My 8 week old GSD is on Earthborn holistic W/bison meal (adult) which was recommended by the breeder. I picked him up two days ago,first day he done very well but today has mild diarrhea. Just concerned about the food or should he be getting a puppy formula??


----------



## Ken Clean-Air System (Feb 27, 2012)

Some will recommend puppy formulas (specifically large breed puppy formulas) for the first year or so of life, others will say its a sham and the puppy formulas are generally no different than the adult counterparts. In the end it's up to you to decide. Most adult formulas are ALS (All Life Stages) certified and are designed to be fed to any dog regardless of age. 

In my opinion, any puppy or ALS formula is fine as long for you GSD puppy as long as it isn't too high in calcium and phosphorus. As long as the levels of calcium and phosphorus are at acceptable levels, it is a good quality food, formulated for all life stages (for foods that aren't puppy formulas), and your dog does well on it you have found a good food for your puppy. 

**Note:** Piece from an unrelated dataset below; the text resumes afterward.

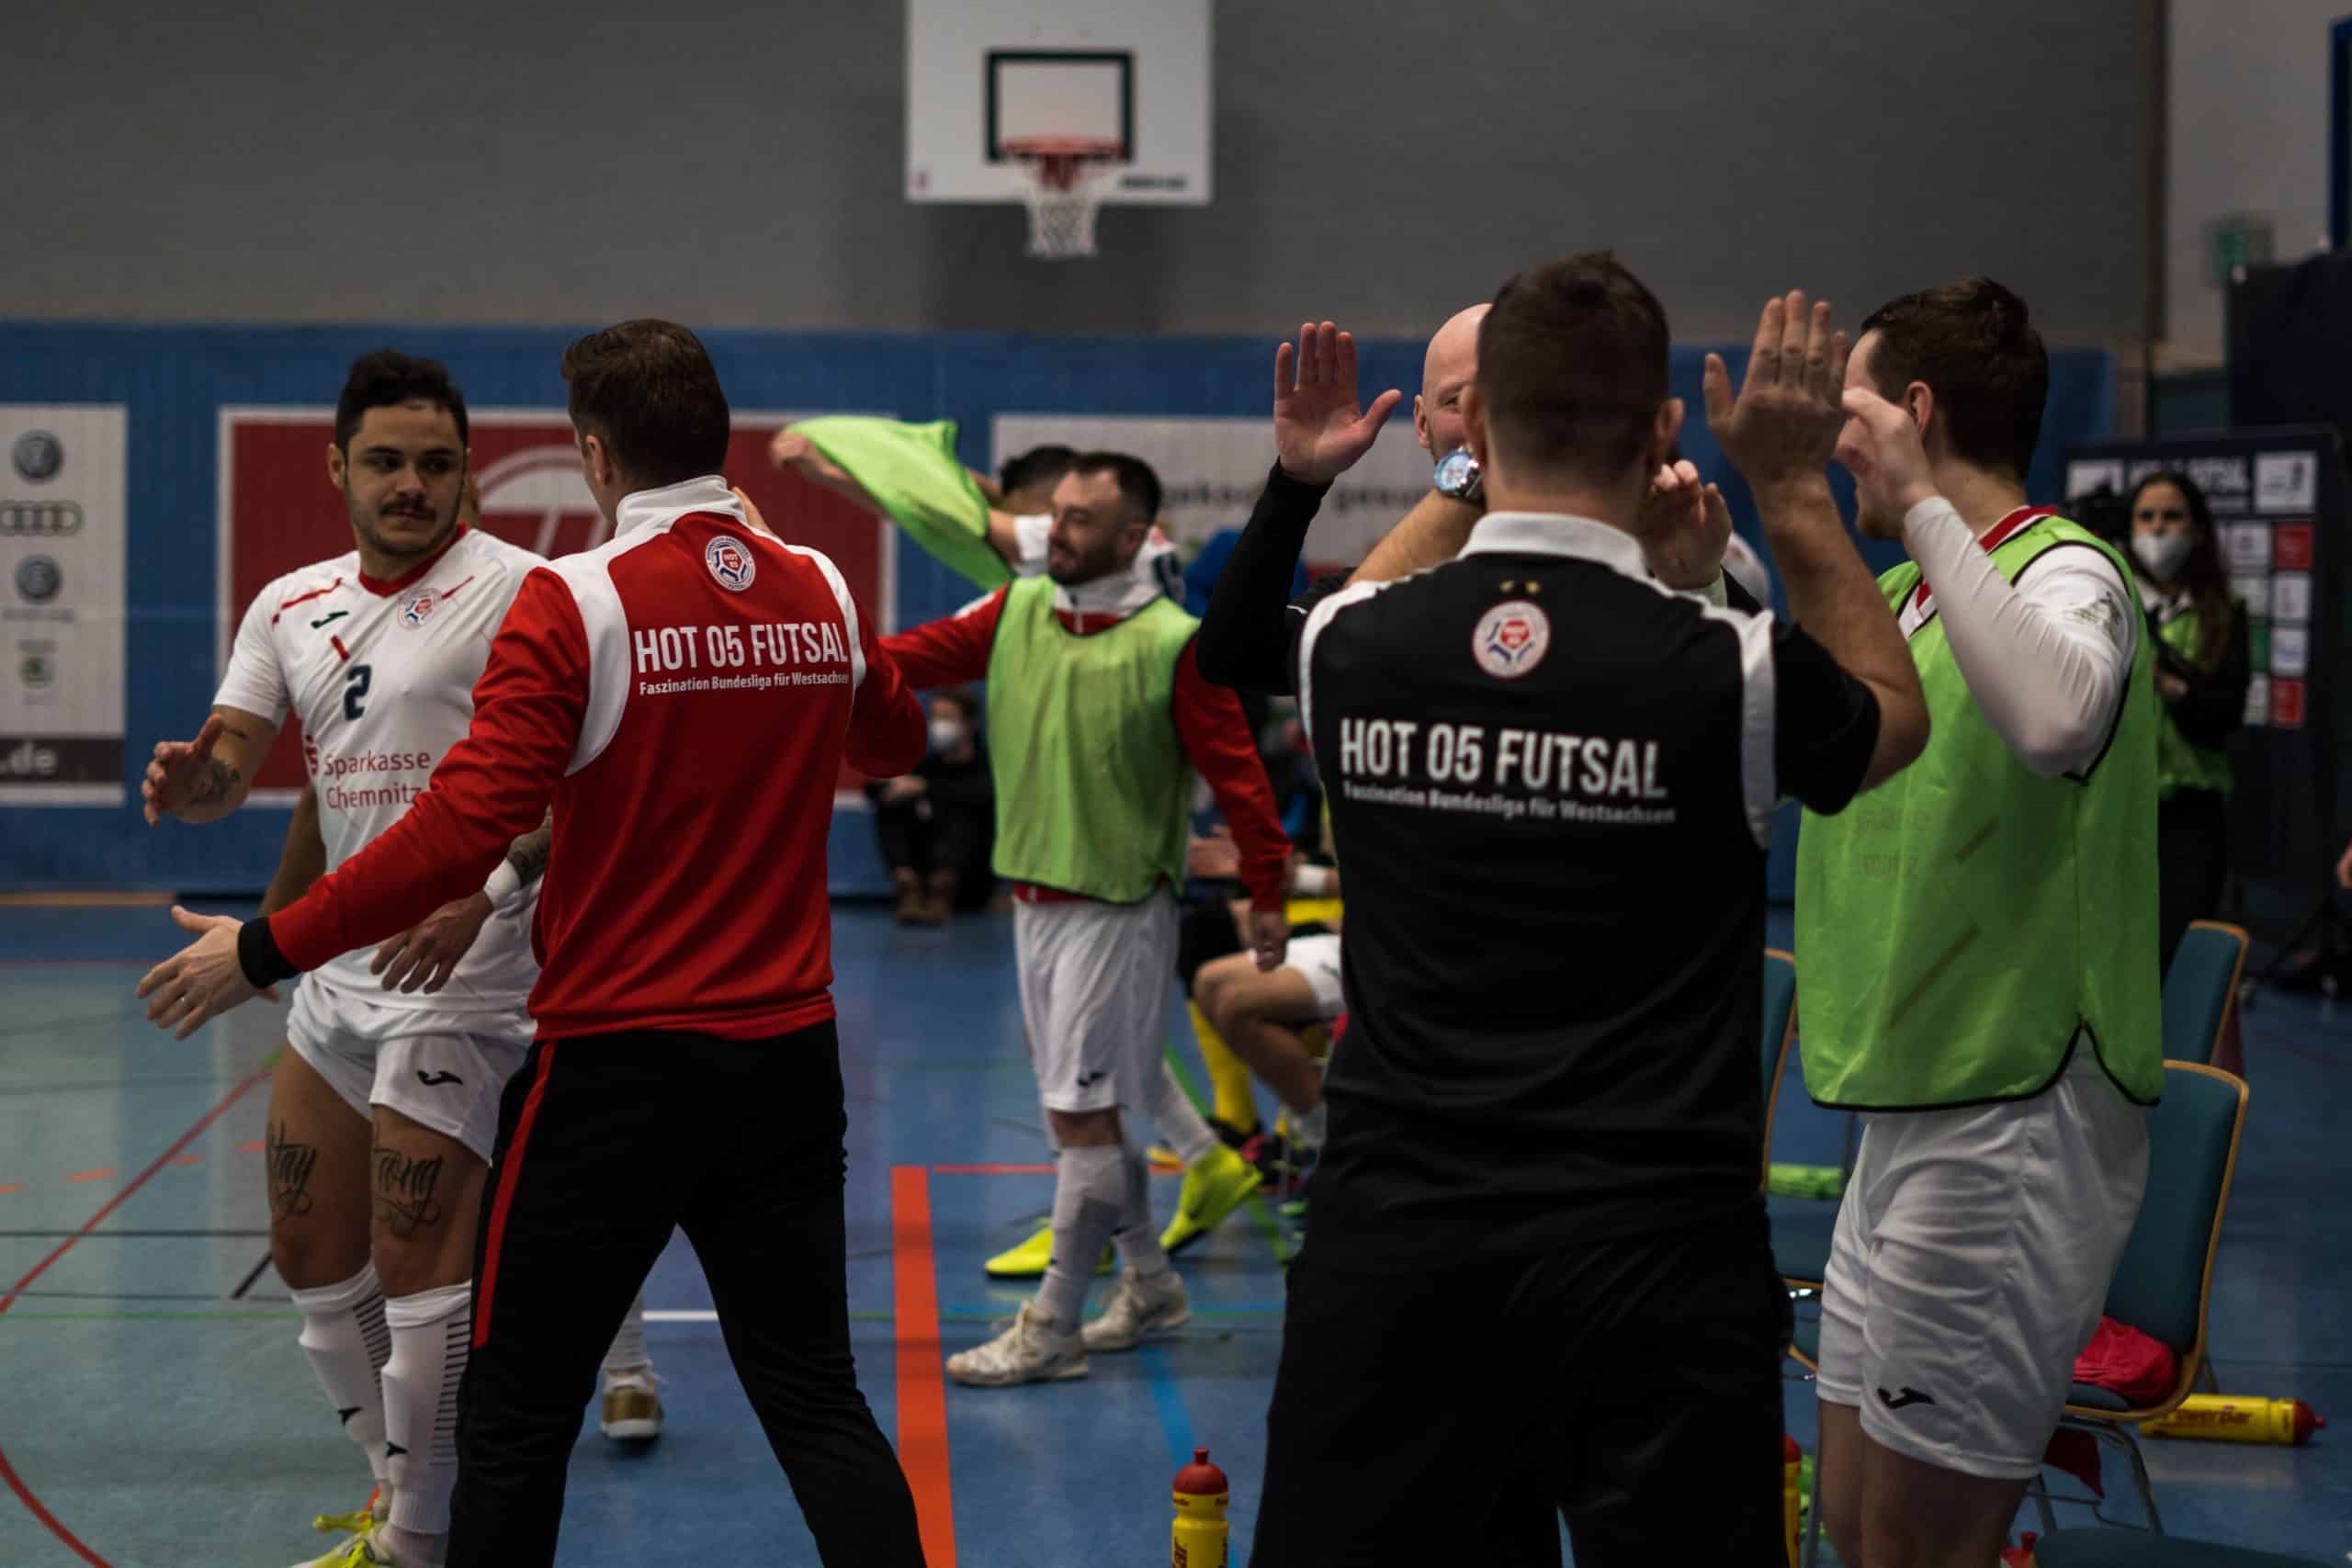 DSC04596 1 scaled - Die Futsal-Bundesliga geht in die Playoffs | Eine spannende Premierensaison im Überblick

Does your pup have diarrhea or just loose stool? Diarrhea may be a concern, loose stool not as much. Loose stool can be caused by lots of things - stress, over feeding, excitement, etc. What formula of Earthborn are you feeding? Is it the same as what the pup was getting from the breeder? A sudden change of protein source (from one formula to another) at that young age could cause digestive issues.


----------



## doggiedad (Dec 2, 2007)

i've never fed puppy food to my dogs.


----------



## Lucy Dog (Aug 10, 2008)

Nutritionally... that formula is fine for your puppy. Is this what your breeder was feeding him?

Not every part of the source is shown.